Ring Christmas Bells

 It was 1938.  He was just five-years-old.

 America has seen difficult financial times but nothing like the great depression spurred by the stock market collapse in 1929. 

 The boy’s father was a reliable hard worker. He was a talented man whose knowledge and skills in building and repair extended to plumbing, welding, carpentry and electricity. 

 The family was able to survive the early onslaught of the depression as carnival employees.  The father was an electrician while his mother filled various roles, including acting as the human outline target for the knife throwing act.   The boy’s earliest recollections of life are traveling all over the upper Midwest with the carnival.

 The economy had experienced several years of minimal improvement previous to 1938.  These minimal improvements took a serious hit in ‘38.  A recession that year caused unemployment to once again rise to 19%.  The boy’s father and thus his family were victims of this ugliness.  They were never sure that year if dinner would be served on any given night.

 As Christmas approached, they remained optimistic.  Surely employment of some kind would bless their home with some semblance of the holiday. That optimism remained entrenched right up until Christmas Eve. 

 The boy’s father had been out all day, as he had been every day, scouring the city for an income.  Upon his return home he summoned his wife and his five-year old little boy to the kitchen table.  With tears in his eyes he informed his family there would be no Christmas celebration that year.

 Shortly after the harsh reality had set in, and well before any form of acquiescence could begin the healing process of the broken hearts, a knock came at the family’s door.

 It was the Salvation Army.  In they marched with a Christmas tree, and a turkey with all the trimmings.  Before they left, they also provided $10.00 in cash.  The average yearly income for an American family in the 1930’s was $1,368.00 or $27.36 per week.   A portion of that very generous one-half week’s wages was spent on shoes for the father.  He had long ago placed cardboard inside his existing footwear to keep the elements off his feet. 
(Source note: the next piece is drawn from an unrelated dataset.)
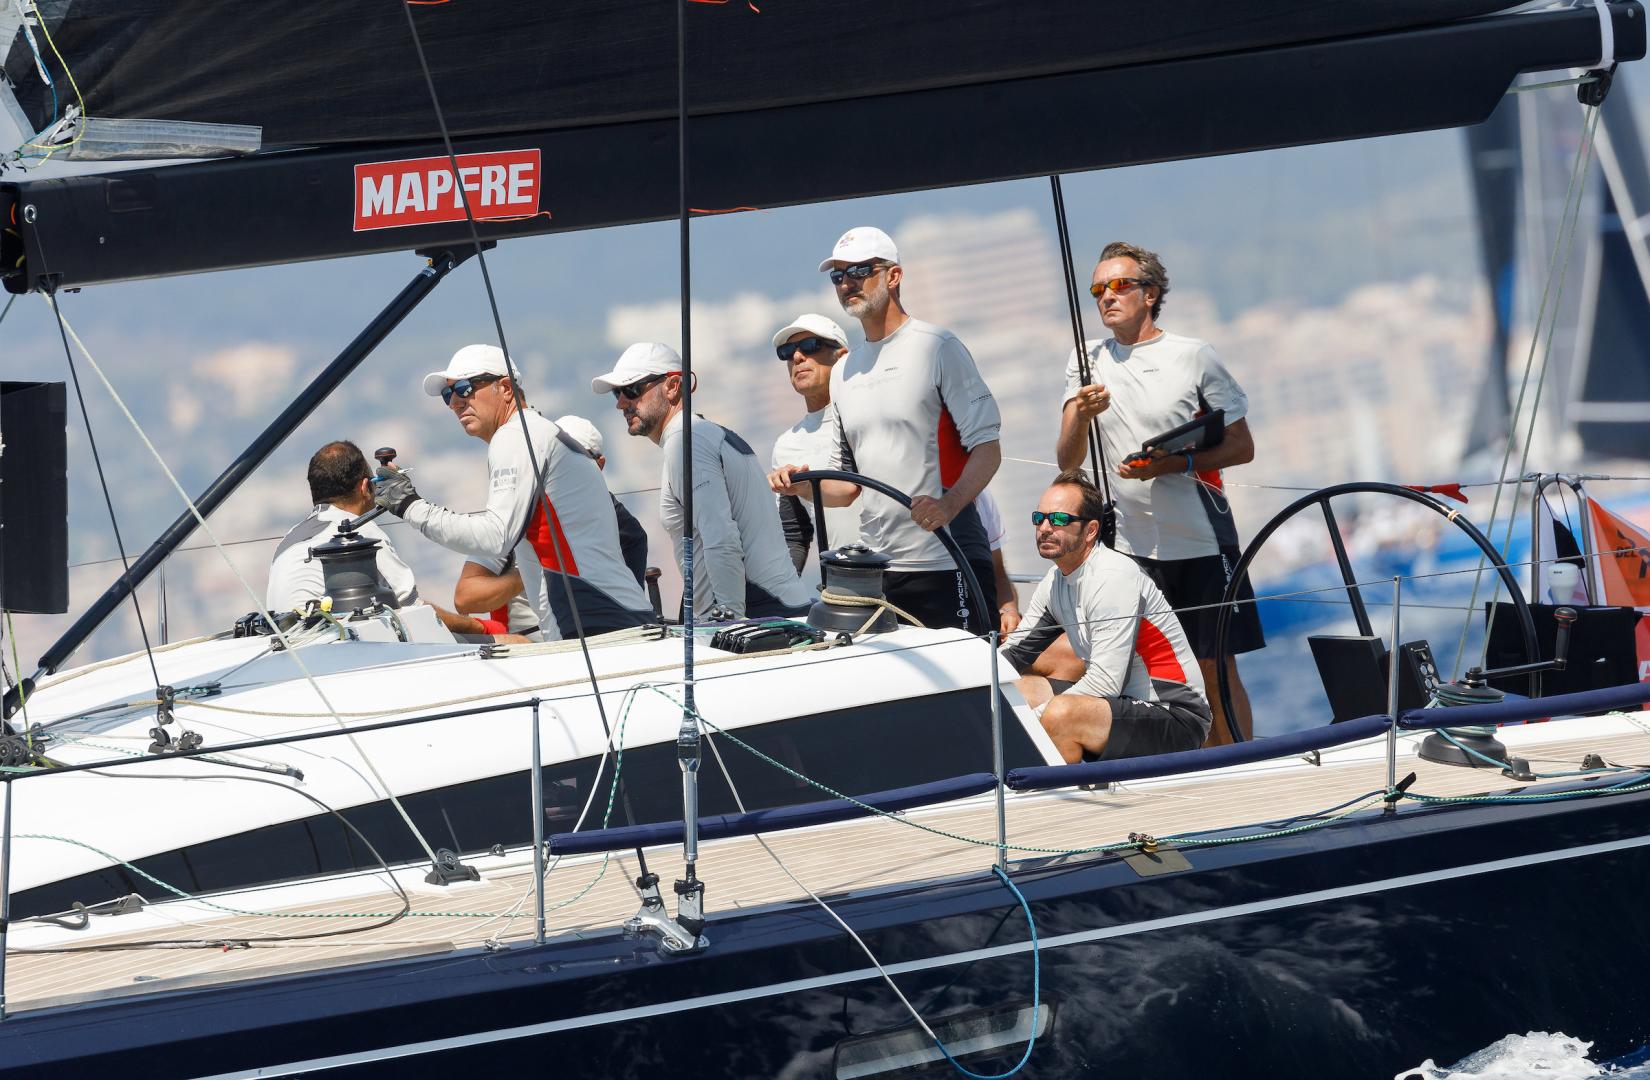 Aifos 500 with HM King Felipe VI of Spain at the helm

 To this day, it is impossible for me to walk by a Salvation Army bell ringer and kettle without thinking of that boy and his family.  It is equally impossible for me to even think of a time when such a set of circumstances could have existed in our country.
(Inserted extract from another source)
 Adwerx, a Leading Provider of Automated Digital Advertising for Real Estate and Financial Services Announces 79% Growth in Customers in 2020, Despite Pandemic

 What remains to be told about this blessing is that the to this day that boy, now a senior citizen, still refers to that Christmas as the greatest Christmas ever, even though a Red Ryder BB Gun never appeared on the scene - that he still cannot tell the story without tears welling up - and that to this day the family still has no idea how the Salvation Army learned of their need.

Albert Schweitzer wrote; The purpose of human life is to serve and show compassion and the will to help others.” – As was clearly demonstrated to that little boy on Christmas Eve, 1938.